In implementation, we generally need to set rules and calculation methods to calculate utility for all possible hard rule situations, then add to list’s total value.
This actually involves an optimization direction in recommendation or ad systems - personalization. Generally, any overall strategy with same hyperparameters or strategy for all users has personalization potential.
Of course, in this process we need to note personalization also has limits. For mix-ranking, we need experience protection for insensitive users, can’t keep exploiting them.
Summary
This article starts from LinkedIn’s paper, introducing problems mix-ranking needs to solve and a modeling approach. The paper’s modeling isn’t complex - the key is obtaining various utilities in modeling. The paper doesn’t describe this in detail, possibly because it’s tightly coupled with specific business. Therefore, this article later discusses a possible approach for calculating item and ad values: calculating a bid for items while considering ad insertion’s impact on items.

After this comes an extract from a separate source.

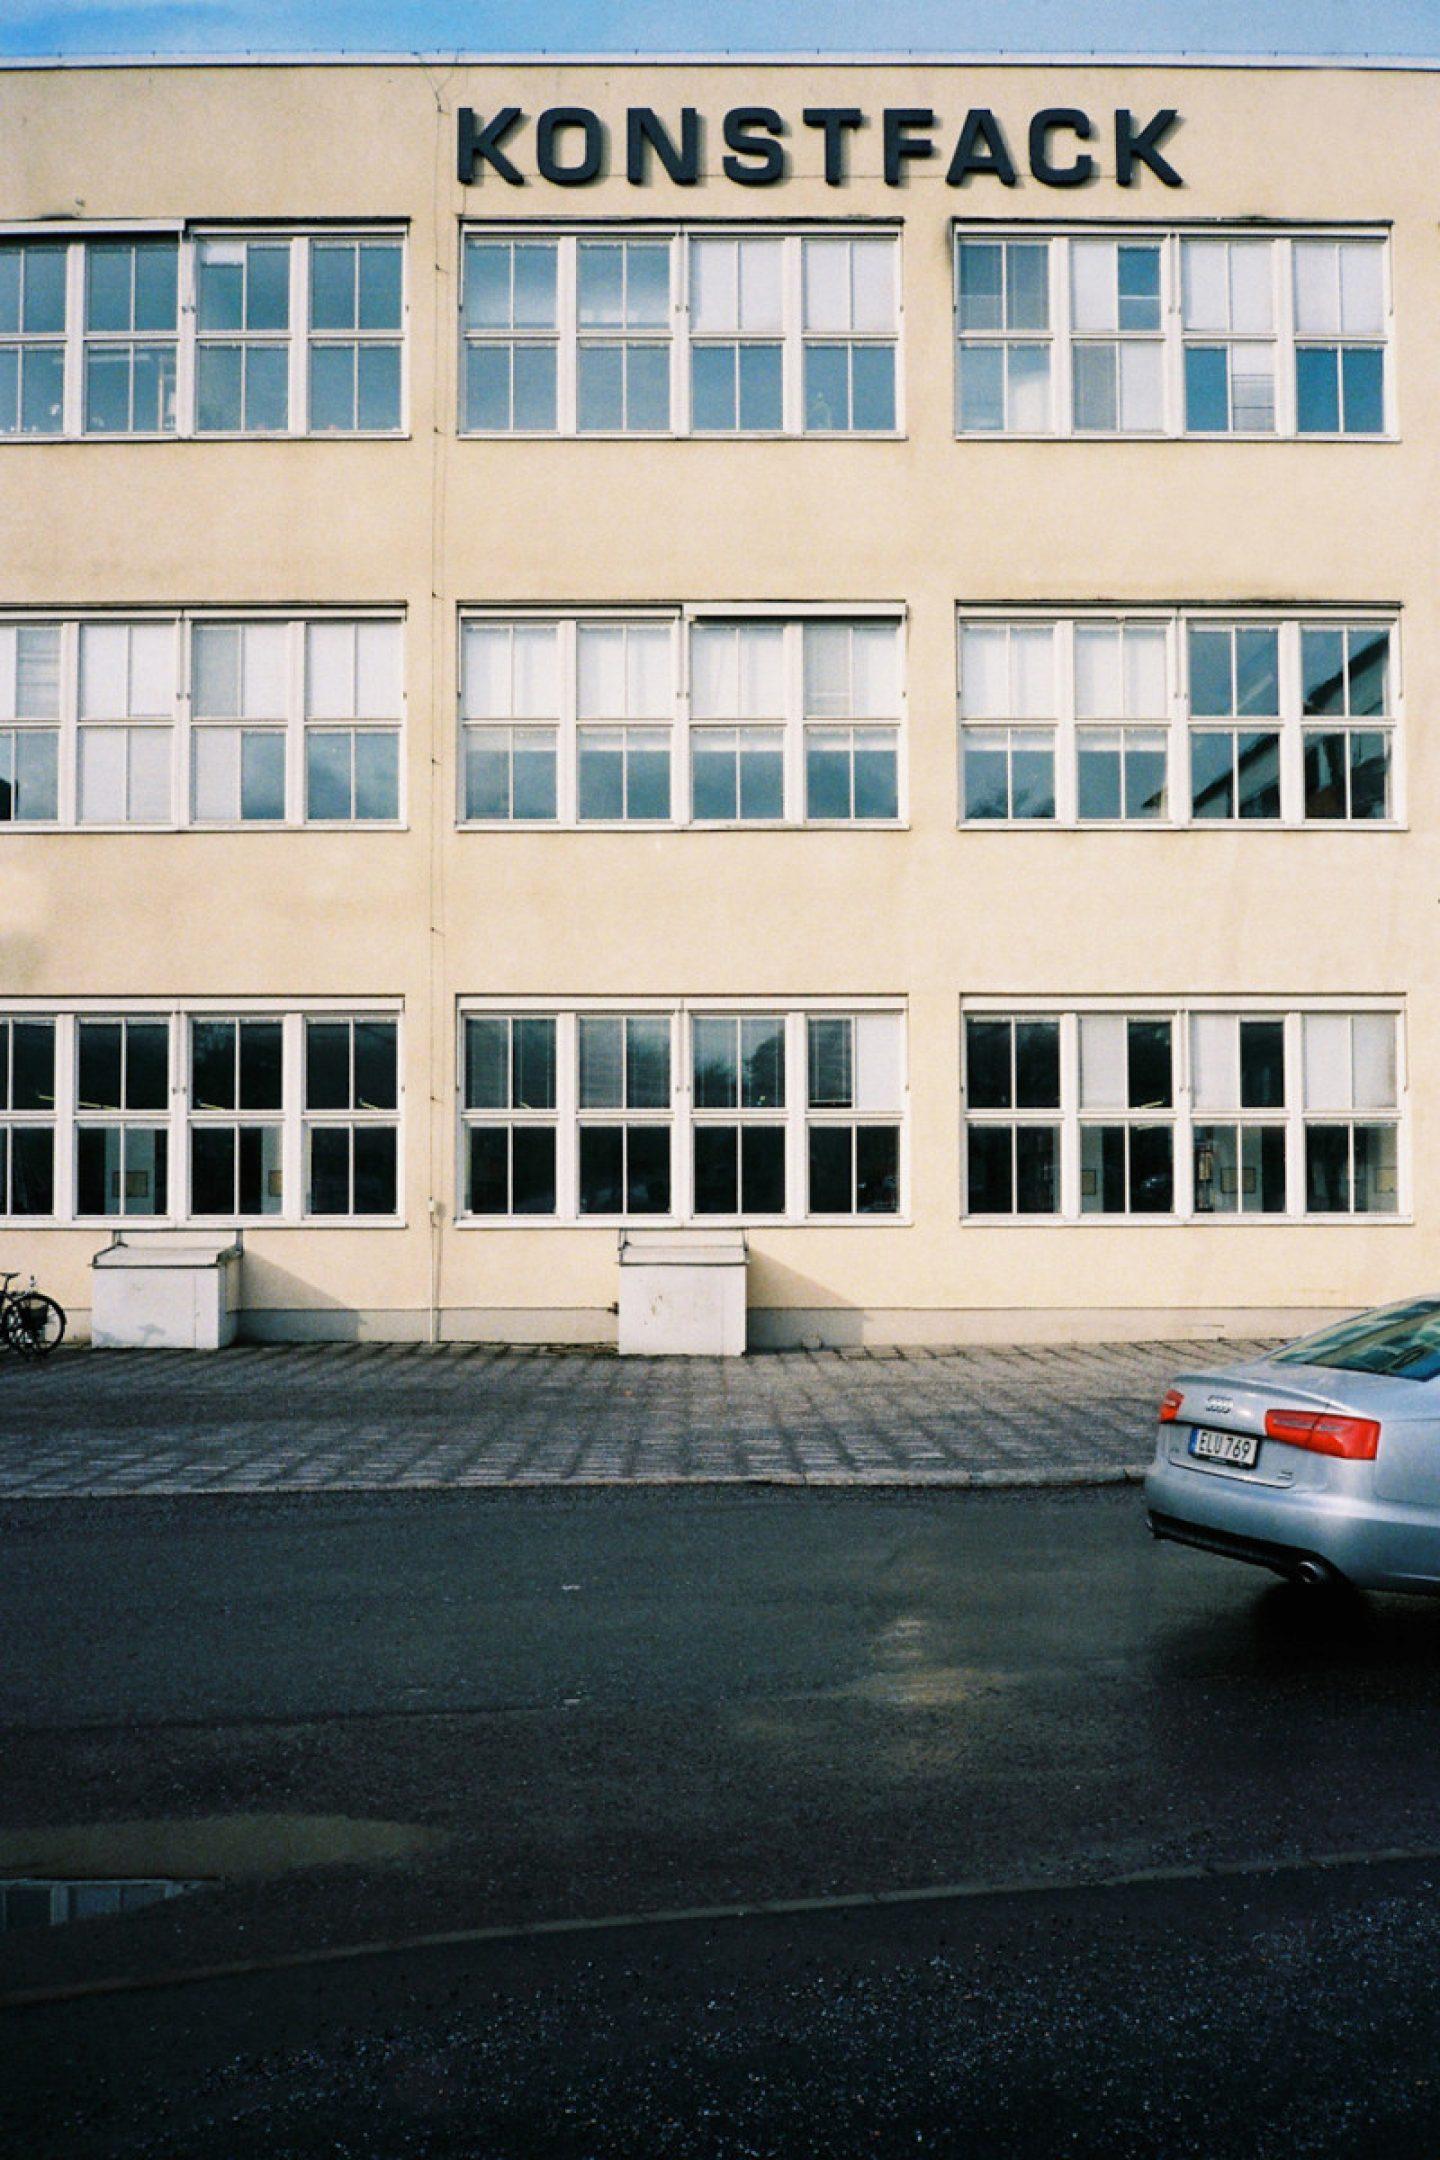 stockholm-diaries_ontheroad_004
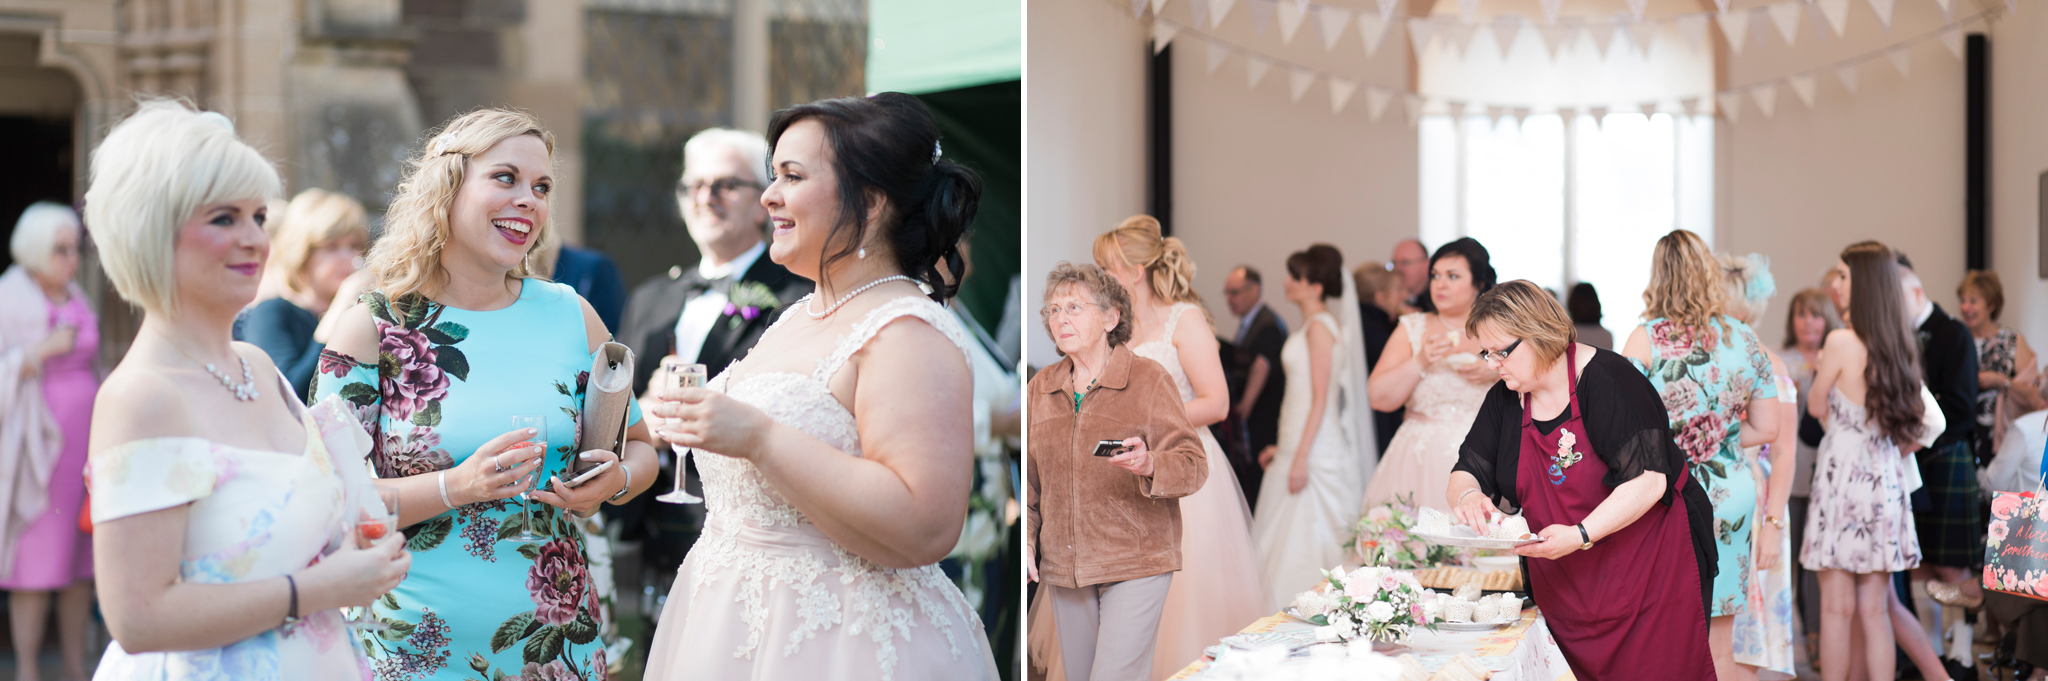 067-scotland-wedding-photographer.jpg

Additionally, the paper mentions position bias, gap effect, and other common issues in mix-ranking. This article discusses the paper’s proposed methods and some industry approaches.
Finally, it explores a relatively open question - hard rules in mix-ranking. Hard rules are generally red lines, but from technical perspective definitely not optimal. Whether hard rules are reasonable, and how to soften hard rules from business and technical perspectives to get benefits in both engagement utility and revenue utility, might be worth discussing.